PMCID: PMC9213738  PMID: 35756617

Abstract

Tumor mutation burden (TMB) is an important biomarker for tumor immunotherapy. It plays an important role in the clinical treatment process, but the gold standard measurement of TMB is based on whole exome sequencing (WES). WES cannot be done in most hospitals due to its high cost, long turnaround times and operational complexity. To seek out a better method to evaluate TMB, we divided the patients with lung adenocarcinoma (LUAD) in TCGA into two groups according to the TMB value, then analyzed the differences of clinical characteristics and gene expression between the two groups. We further explored the possibility of using histopathological images to predict TMB status, and developed a deep learning model to predict TMB based on histopathological images of LUAD. In the 5-fold cross-validation, the area under the receiver operating characteristic (ROC) curve (AUC) of the model was 0.64. This study showed that it is possible to use deep learning to predict genomic features from histopathological images, though the prediction accuracy was relatively low. The study opens up a new way to explore the relationship between genes and phenotypes.

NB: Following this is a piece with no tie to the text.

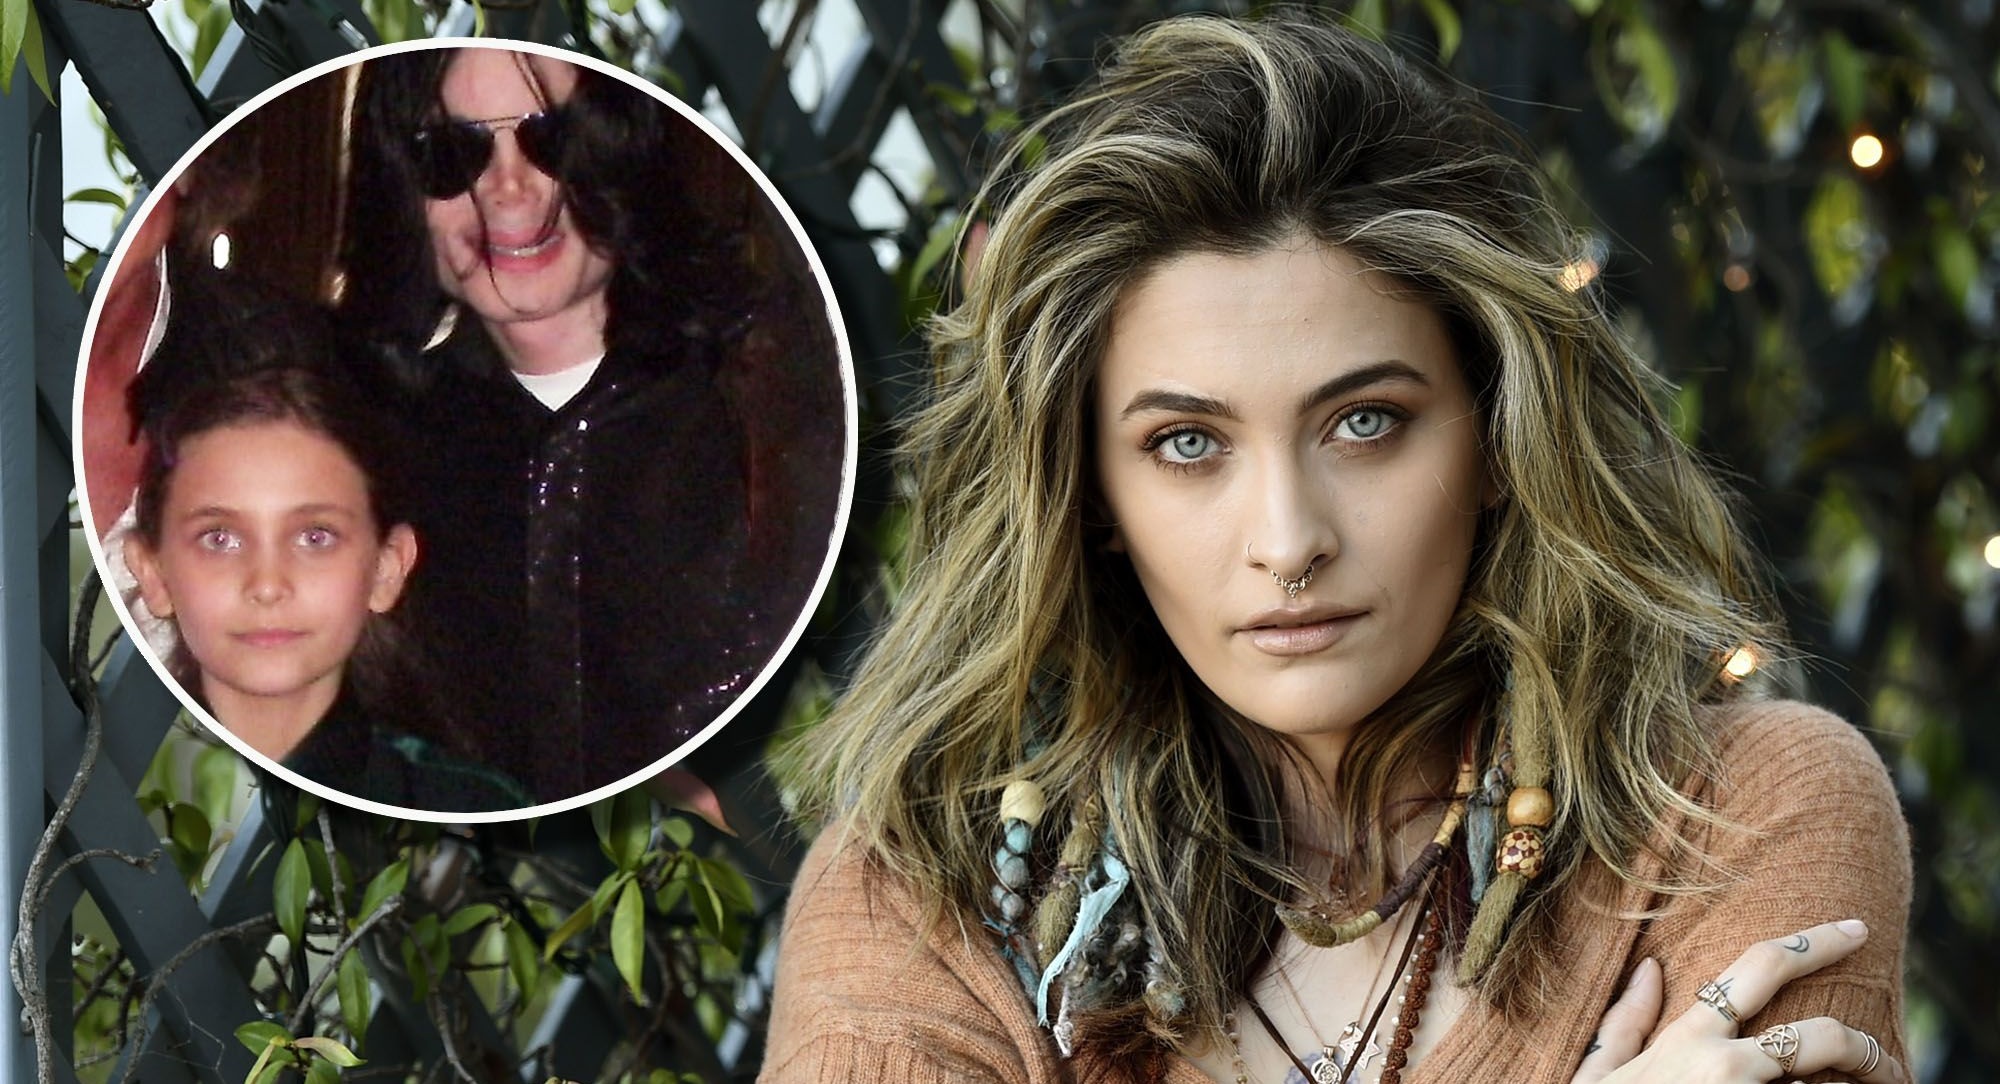 Michael Jackson’s Daughter Paris To Act In American Horror Story In Pivotal Role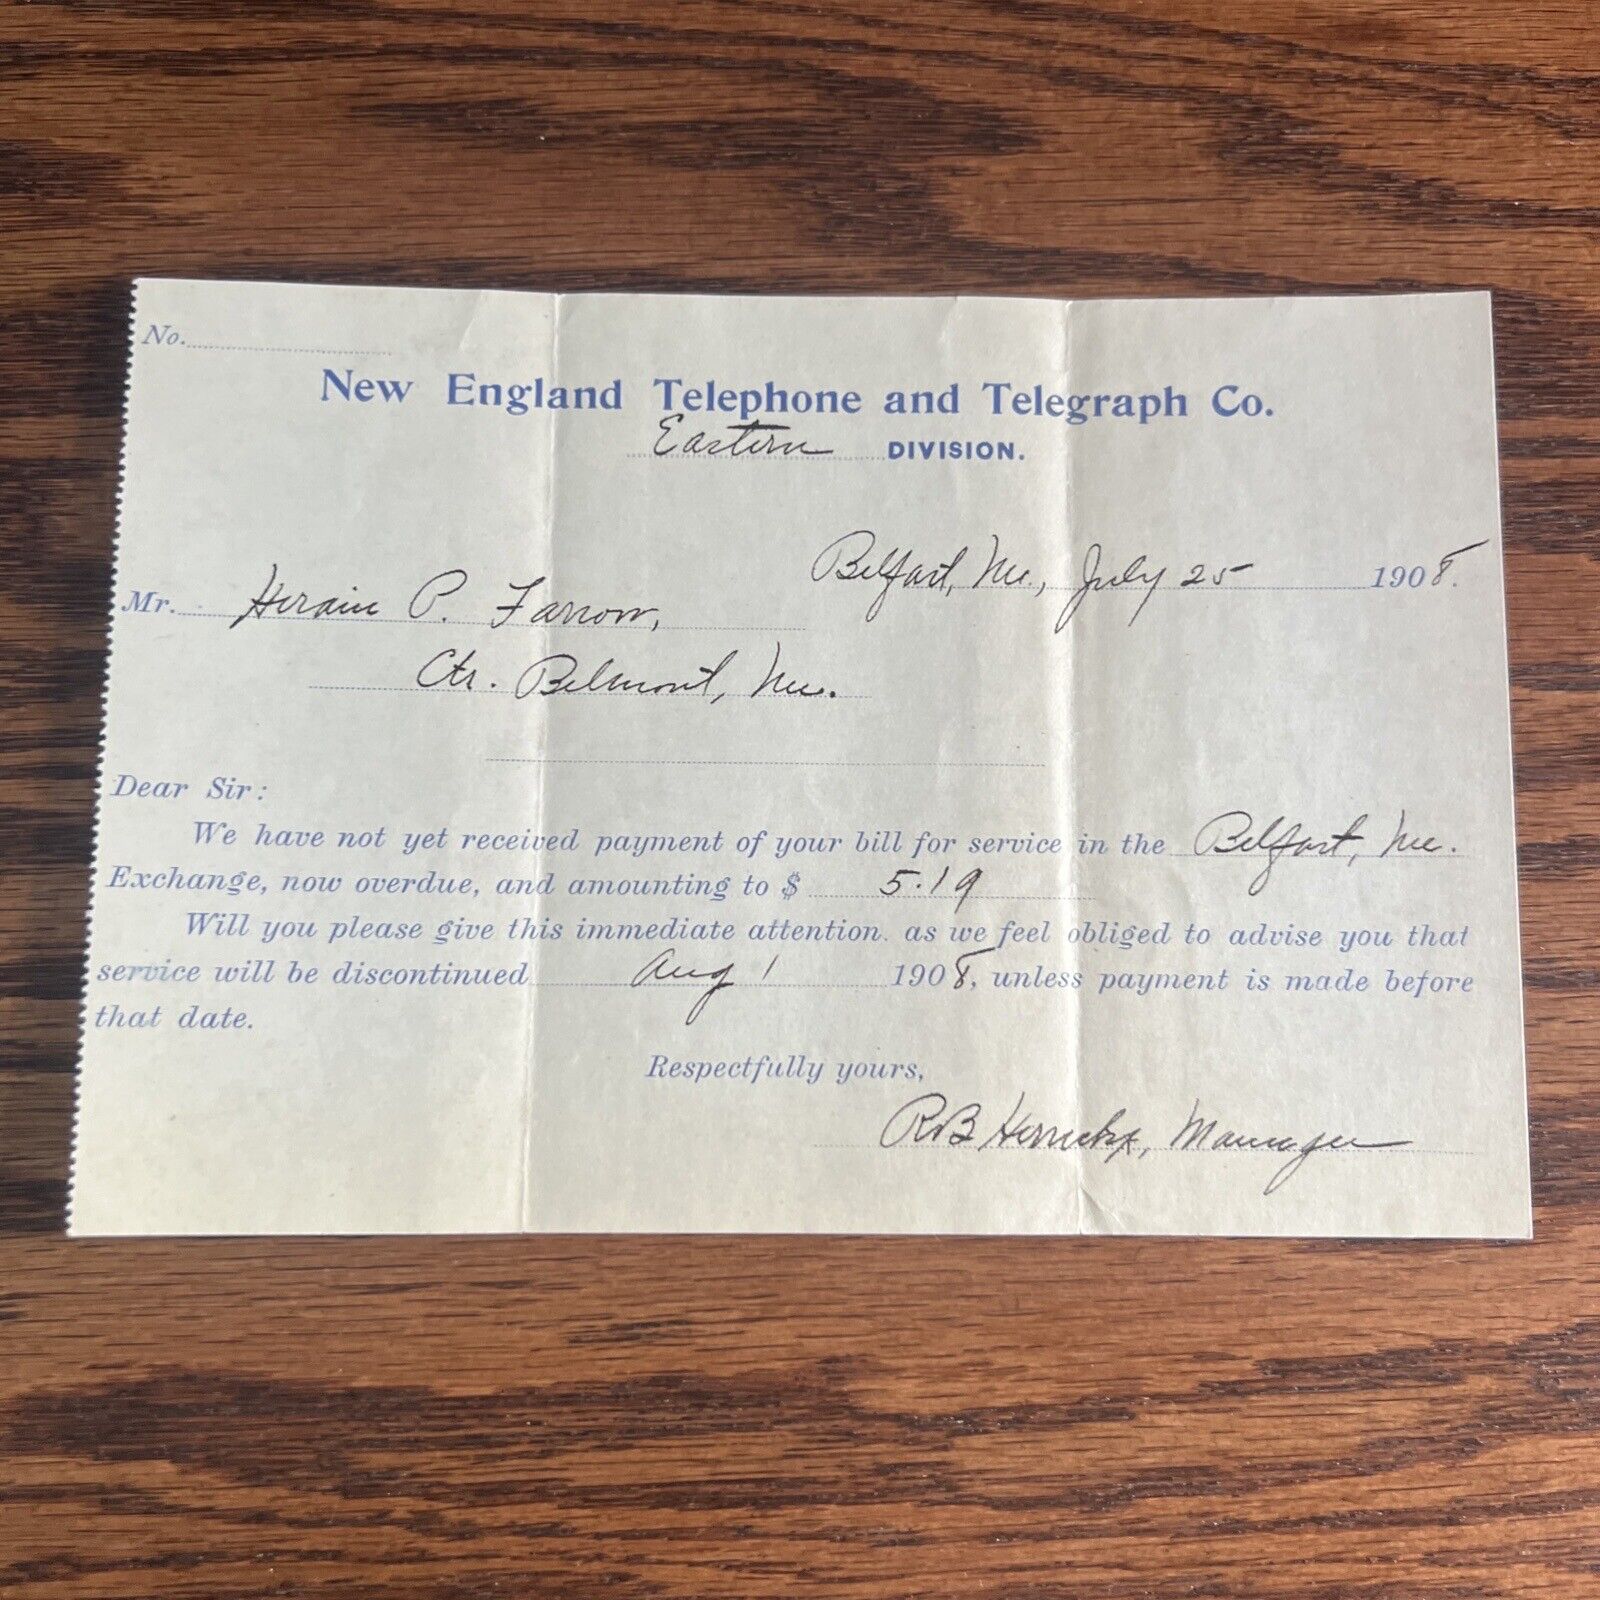 Overdue Bill And Settlement 1908 - New England Telephone And Telegraph Co

Keywords: tumor mutation burden, lung cancer, digital pathology, immunotherapy, deep learning, difference analysis

Introduction

At present, the most advanced treatment for non-small cell lung cancer is the combination of immunotherapy and chemotherapy. Among them, PD-L1 expression is a common biomarker in immunotherapy response, but a large number of patients with low PD-L1 expression and some patients with h7igh PD-L1 expression are suitable for this treatment plan (13). Therefore, searching for new predictors of immunotherapy response is crucial.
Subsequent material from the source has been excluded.